Ray Gilmer, spokesman for United Fresh, said the legislation “never got much traction,” but generated some buzz around salad bars. A year ago, United Fresh began soliciting donations from its corporate members to purchase salad bars and place them in schools. “A lot of companies want to place them in the communities where they operate, a sort of ‘good neighbor’ thing,” Gilmer said.
Gilmer said the United Fresh campaign was low-key, conducted mostly by word of mouth and the internet. To date they’ve given away 60 salad bars and plan to donate an undetermined amount of cash to the Let’s Move campaign. “We’re going to New Orleans for a convention, and we’ve already placed 10 salad bars in schools there,” Gilmer noted.

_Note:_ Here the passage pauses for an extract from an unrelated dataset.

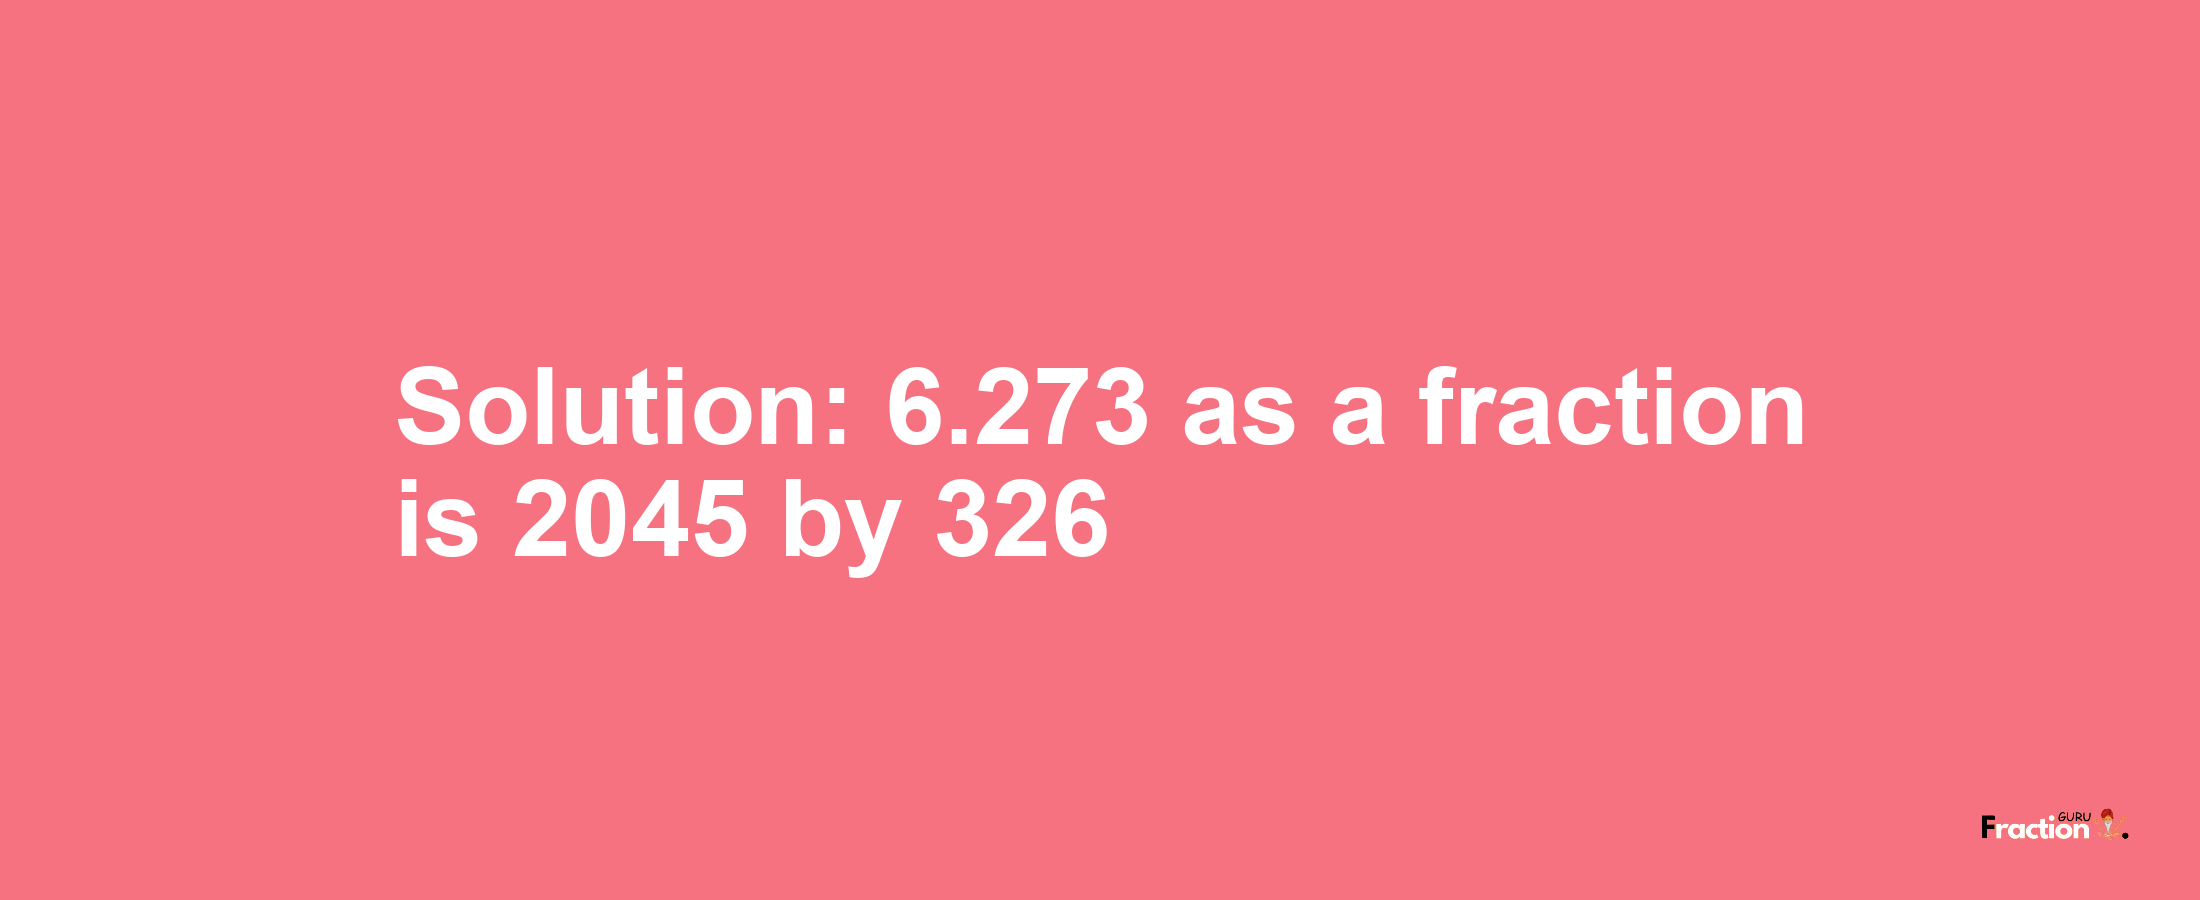 Solution:6.273 as a fraction is 2045/326

A third partner in the White House effort is the National Fruit and Vegetable Alliance, comprising the USDA, the Center for Disease Control and Prevention (CDC), and such disparate groups as the American Cancer Society and the California Department of Public Health.
The CDC has emerged as a leader of the group, taking up fruits and vegetables as a key ingredient to preventing diet-related diseases such as obesity and Type 2 diabetes.
The salad bar effort still faces some obstacles. Some schools don’t want salad bars. Montgomery County, just outside the nation’s capitol, does not permit salad bars for food-safety reasons. Philadelphia schools similarly do not offer salad bars, but serve salad in the regular food line instead.
“Self-serve brings a number of management issues that we’d have to look at,” sai
d Philadelphia schools spokesman Fernando Gallard. “Basically, you’d have a salad bar in an open area where people are going to walk around it. That’s something we still have to consider — the sanitation issues.”
Cooper has complained about USDA regulations that require students who use the salad bar to pass a cashier, or point-of-sale station, where a trained cafeteria worker would inspect the student’s tray and confirm that the student had taken the required items in the correct portion sizes in order for the school to qualify for reimbursement. Such rules create logjams in the cafeteria, Cooper said.
Here in the District of Columbia, many food-service areas are not designed to accommodate a salad bar. Installing one would require rethinking how students pass through the meal line and where the cashier is situated.
Kate Adamick, a school food consultant and fervent salad bar advocate, said those obstacles can be overcome without too much difficulty. “I don’t think there’s any other way to serve produce in school,” she said. Most cafeteria vegetables are cooked to death, or come out of a can, and kids either refuse them in the service line or throw them in the trash. Adamick believes children eat more vegetables when they’re allowed to serve themselves from an array of fresh choices.
“When kids get to make their own decisions, they’re much more likely to try things,” she said.